Inside The 'Wayne's World' Sequel That Almost Was...Until It Was Destroyed By Chainsaws

Even diehard fans of 'Wayne's World' have to admit that the followup, 'Wayne's World 2', was totally bogus - especially considering the insane sequel that we almost got. Earlier this year, the sequel's producer Lorne Michaels and director Stephen Surjik revealed what might have been for Wayne Campbell (Mike Myers) and Garth Algar (Dana Carvey) if the studio hadn't demanded a rewrite and slaughtered the original set with chainsaws.

The sequel we got was pretty much a retread of the first film. Once again, Wayne almost lost his main squeeze Cassandra (Tia Carrere) to a slimy businessman (played by Christopher Walken instead of Rob Lowe). Once again Wayne had to deal with biting off more than he could chew in the entertainment industry - this time by getting mixed up in promoting a concert. And once again he managed not to choke thanks to the magic of breaking the fourth wall.

But the sequel we almost got was entirely different. After finding an ancient scroll, Wayne and Garth would have seceded part of America from the union and run it as their own independent country. The film was based on Mike Meyers' adaptation of the 1949 British comedy 'Passport to Pimlico' - in which a section of London split from the rest of England after a similar old scroll was found.

But instead of seeing Wayne and Garth trying to run their own country, we got this.

But that's pretty good considering the circumstances on the set of 'Wayne's World 2,' which allegedly left Myers sobbing in the fetal position at one point. The problem with Myers' adaptation was that nobody bothered to buy the rights to the source material before production was underway.
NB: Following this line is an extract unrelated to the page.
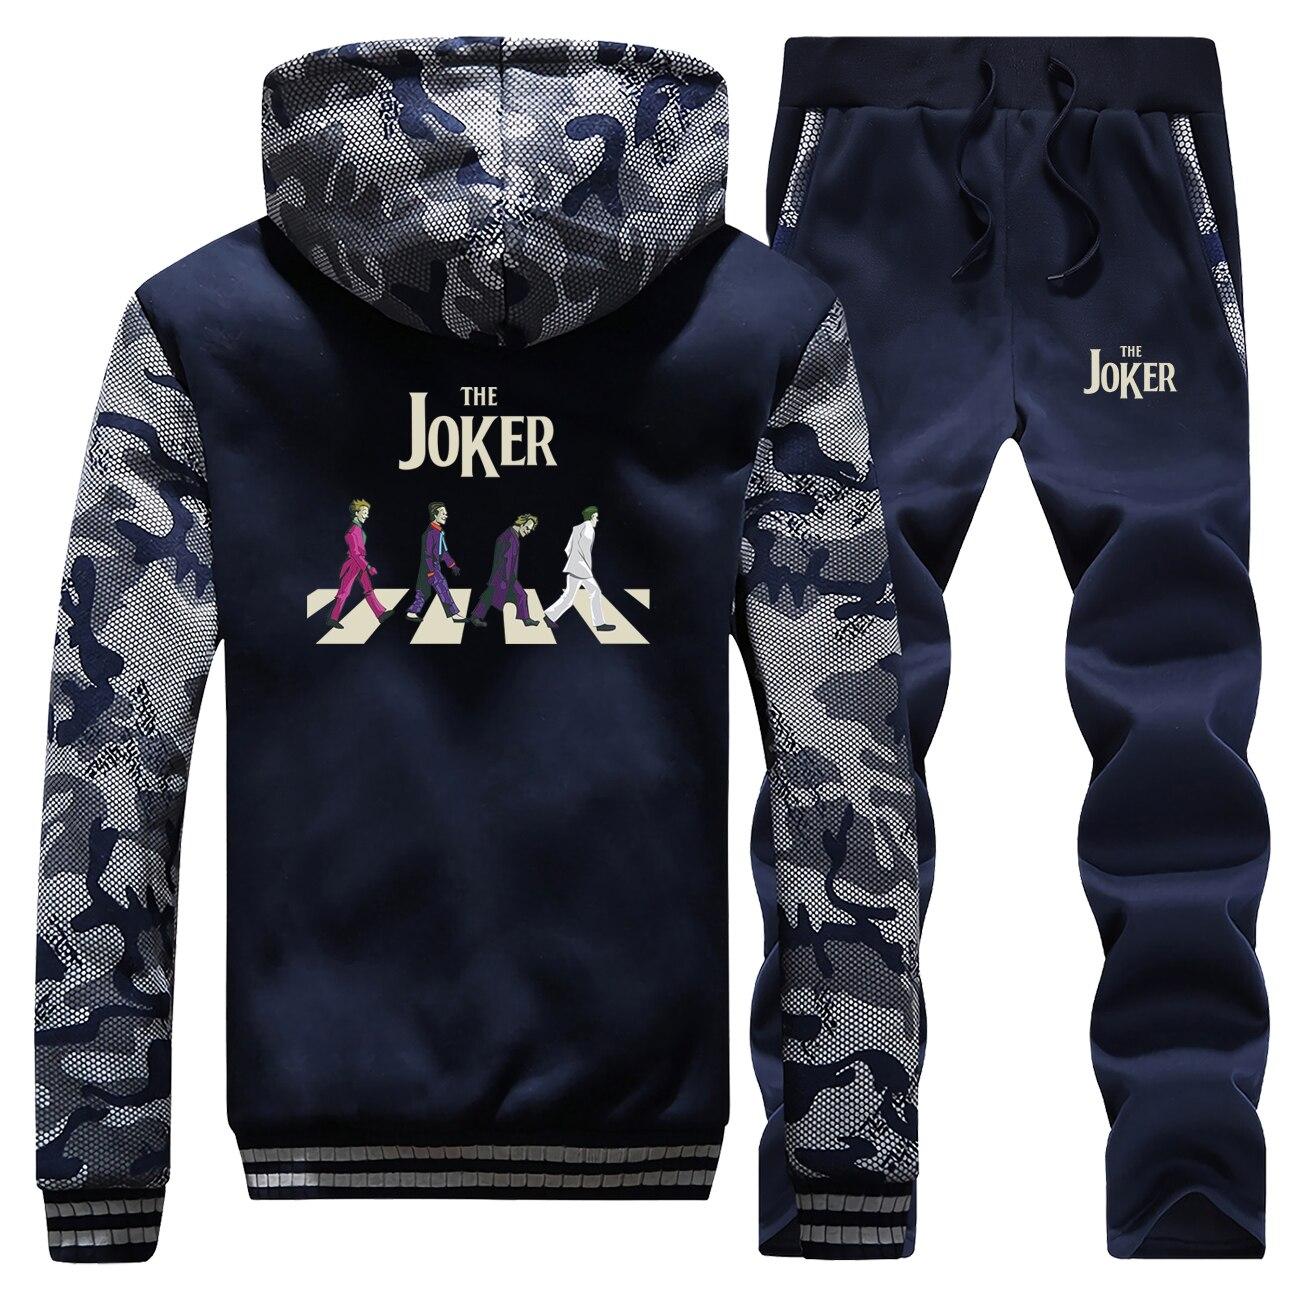 The Joker Eric Border Tracksuits Jacket Pant Set Men Villain Sportsuits Hoodies Sweatpant Sets Suit 2 PCS Camo Coat Sportswear
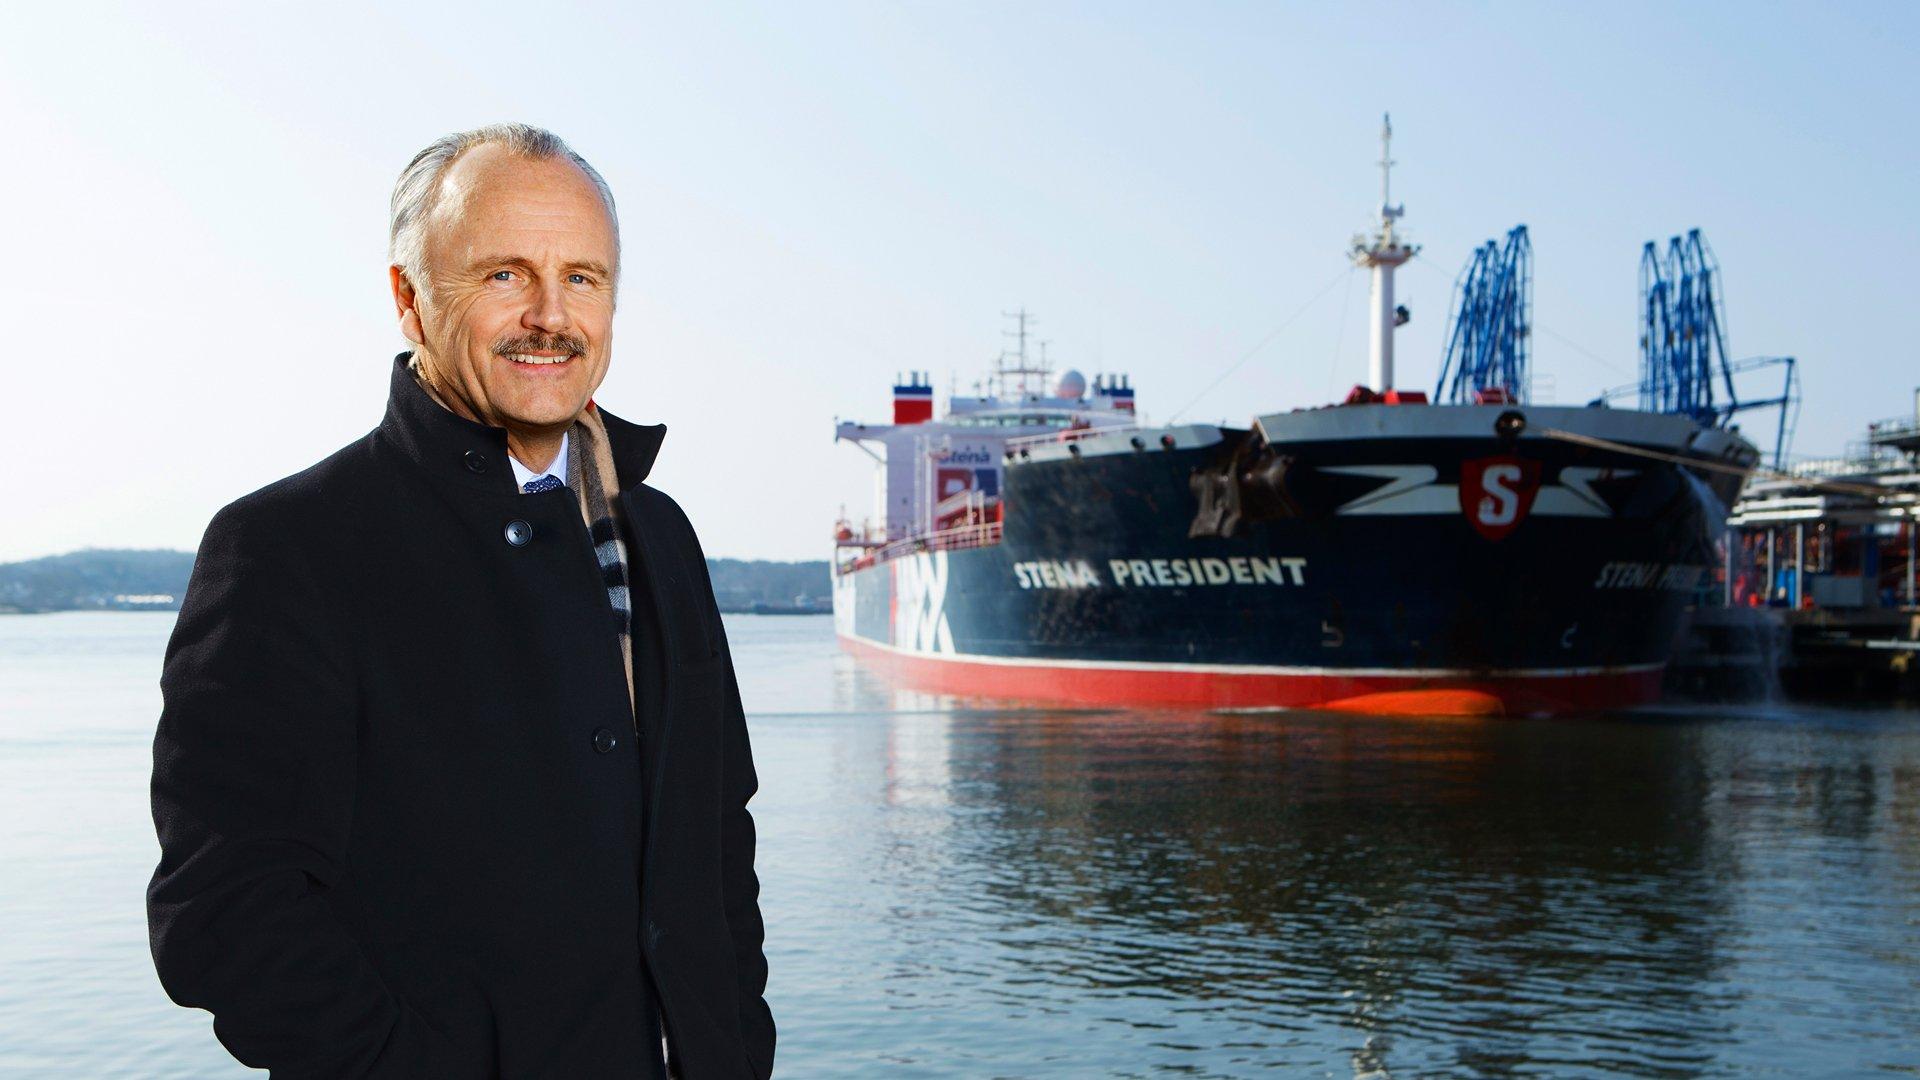 Concordia Maritime CEO Kim Ullman. Photo courtesy of Concordia Maritime

"Mike had always wanted to do 'Passport to Pimlico' as the basis," producer Lorne Michaels recalled. "So he went and wrote it. I think he believed the studio understood that, and I think he even believed they had bought the rights to the other movie so that he was free to use it."

But they hadn't. So production would have to be suspended indefinitely until the rights were acquired. And if the holders refused to okay the project, the film would never be released. Which was a huge problem because Paramount Pictures had already spent money on promoting the sequel. That meant Myers had cost the studio time and money with nothing to show for it. So Sherry Lansing - who was CEO of Paramount Pictures at the time -summoned Myers to her office for a verbal beatdown.

"'How dare you? How dare you put us in this position?'" Lansing said according to the new biography 'Leading Lady: Sherry Lansing and the Making of a Hollywood Groundbreaker' (2017). Then "[s]he turned to Mike and said, 'We'll sue you. We'll take your fucking house. You won’t even own a fucking home."

Myers tried to play hardball by threatening to walk away from the production, but his wild pitch wound up in the dirt. "Let me tell you something," Lansing shot back. "As we're sitting here, there's a team of lawyers assembled...that has nothing better to do than to figure out how to sue you for everything you're worth. As I'm sitting here with you, there's a team figuring out how to take every single thing away from you.'"

That's when Myers assumed the fetal position, according to biographer Stephen Galloway's source. But Lansing didn't relent. “If I were you, Mike, I'd go to Lorne's office right now and stay there until you come up with a new script. We'll slide food under the door," she said according to Galloway's book.

But at least he left the meeting in one piece. The set of the movie wasn't so lucky. Director Surjik said Paramount made a show of force by slaughtering the movie's soundstage. “I could hear the chainsaws literally chopping the sets down,” Surjik revealed earlier this year. He never made a Hollywood movie again.

Myers bounced back a few years later with 'Austin Powers'...which was distributed by New Line Cinema.